If you, say, examined a 17-year-old and found a lot of old injuries, you might suspect abuse. But what if you then learned that he had been on his high school football team for several years? Would you still assume the injuries suggested abuse, or would you conclude that the youth's physically strenuous lifestyle explained them?
 
I allowed for that, and in fact it is the explanation. I just don't know that Picard's motives were as unthinking as he seemed to indict himself and his culture for. I know that Endar's dialogue wasn't as simple as all that, but that seemed to be what it boiled down to. Picard was right in returning the boy, but also in moving on his suspicions. Those suspicions proved to be groundless, happily, but I don't think of this as the best example of 'oh them dumb Humans'.
 
It does beg the question of whether Picard would have been within his rights to act even if Endar was in the habit of beating his adopted son a lot. Endar and in practice also Jono were foreign nationals, after all, and not under the umbrella of any known "interstellar declaration of human rights", at least not explicitly so.

While child-beating today might be considered a "universal" offense, it is by no means legally such: some nations have strict legislation against all sorts of physical "parental intervention" while others encourage modest violence as a benign and beneficial method of upbringing. The situation would be even less clear-cut for the Federation, let alone for its relations with foreign entities (especially ones hostile to it).

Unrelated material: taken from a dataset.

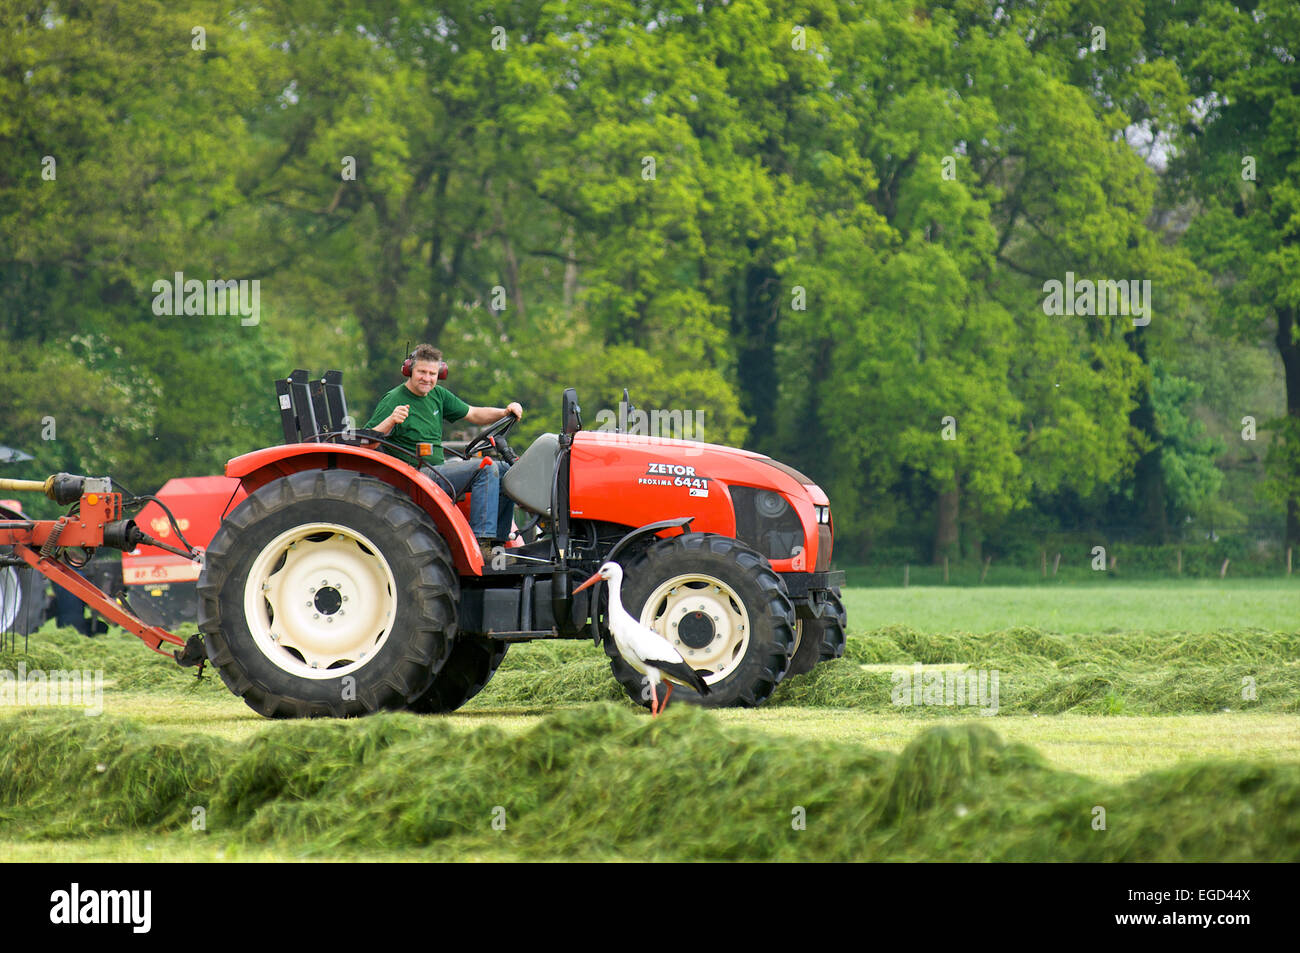 Ein Bauer auf seinem Traktor blickt auf ein Storch, der Suche nach Nahrung an Orten wo ein Traktor den Rasen mähen hat Stockfoto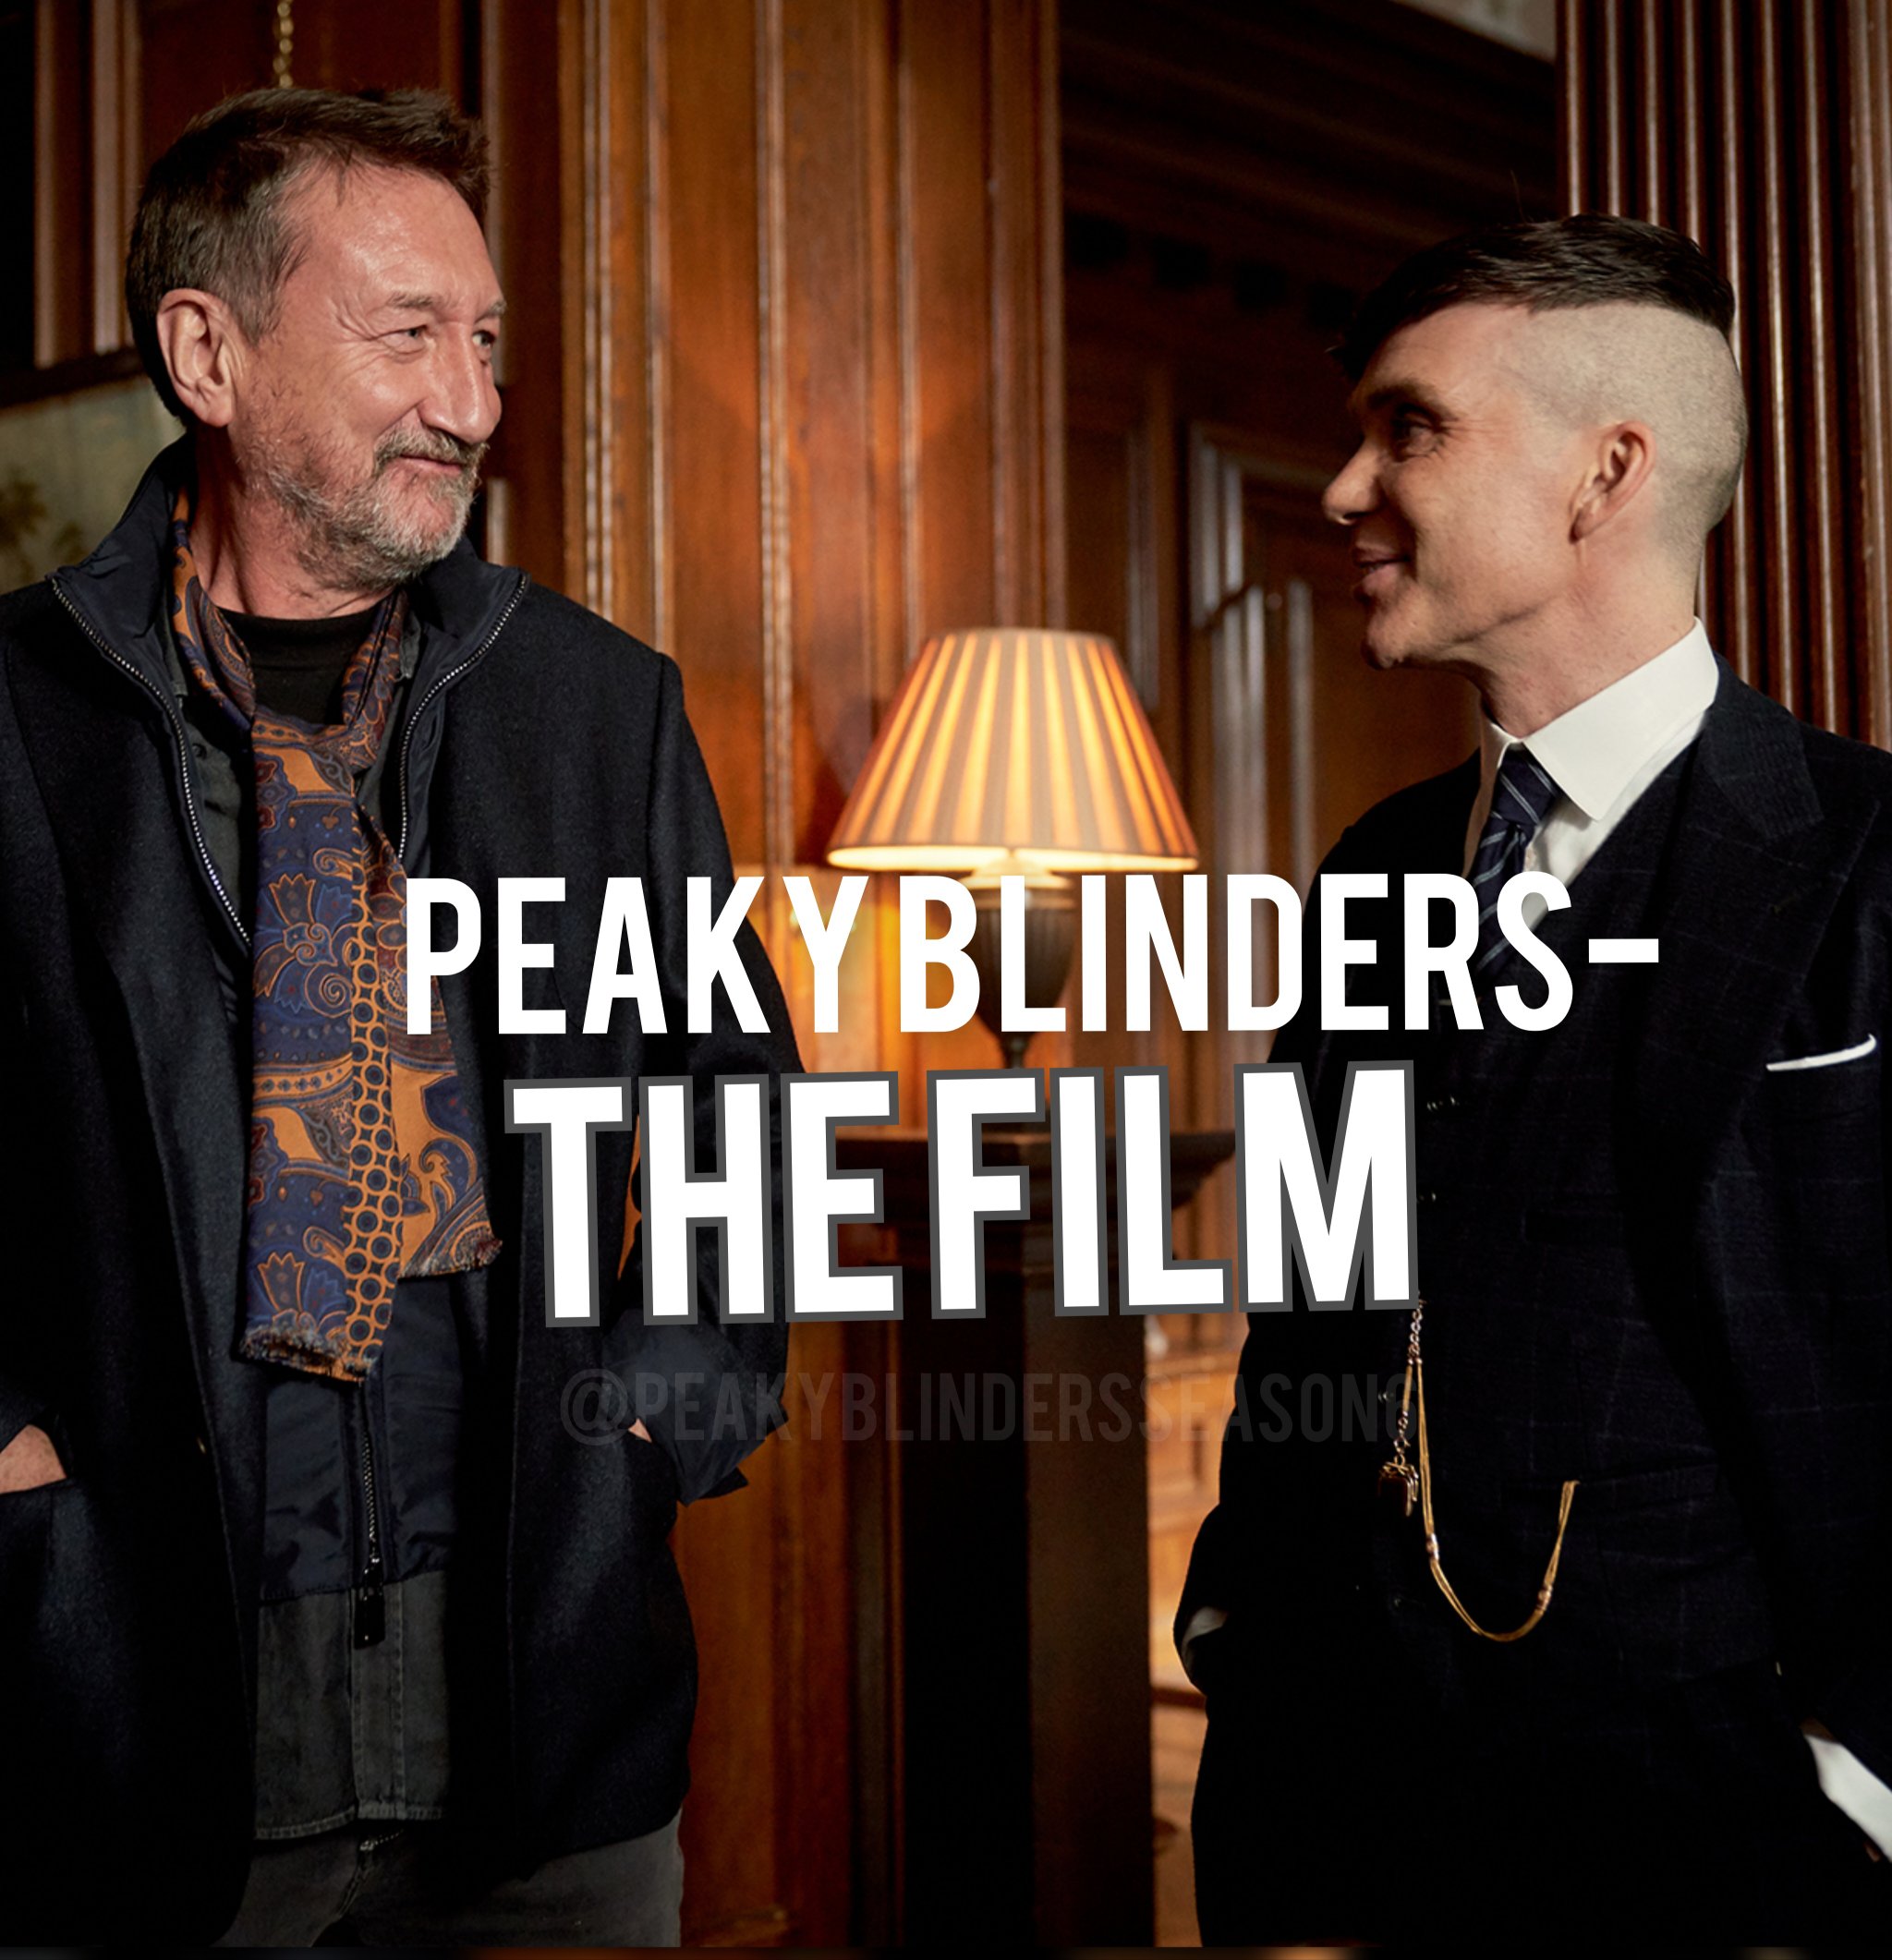 Peaky Blinders movie will begin filming in 2023, says series

Picard might not be chiding himself simply for jumping the gun on child abuse accusations, but rather for engaging in unacceptable diplomatic gaffes under the pretext of such accusations, ones that would later prove baseless.

Timo Saloniemi
 
But Jono was presumably born a Federation citizen prior to the incident that brought him into Endar's care. Surely there must be some basis for him to return to the Federation based on that premise, in addition to all of the other issues raised in the episode.
 
Sure; but Picard was basing his whole quest of bringing Jeremiah back on the assumption that he was being (unduly) abused. When that basis evaporated, the idea of forcing Jeremiah's repatriation would suddenly begin to seem quite ill thought out, diplomatically and morally - and never mind how pure the motivations had originally been.

Timo Saloniemi
 
But Jono was presumably born a Federation citizen...
And he still was. Period. That is where Picard gets his authority to take the boy. I think if Jono had been younger, Picard might have made the decision for him all together... but Jono wanted to go back to his "father," and once Picard saw that there was no abuse... there is no reason to keep a father from his son
 
I think that the fact that he was born a Federation citizen plus the fact that his "father" sort of took him like a trophy of sorts is what made Picard wnat to "forcefully" bring him back. At the end of the day, not being any abuse, and the child truly wanting to return to what he considers his reala family, he relented.

This is a classic Trek episode where an issue without a clear cut right or wrong solution is "debated".
 
This TNG eps always brings my mind to DS9's "Cardassians".

The circumstances are not identical, but similar and with two different captain's decisions.

In TNG eps, Picard decides against returning the child to his biological family, instead letting him stay with the only family he's ever known.
In DS9 eps, Sisko lets the Cardassian war orphan return to his biological father, against the child's wishes and those of the Bajoran adopted parents.


As stated already, an issue debated in Trek without a clear cut right or wrong solution.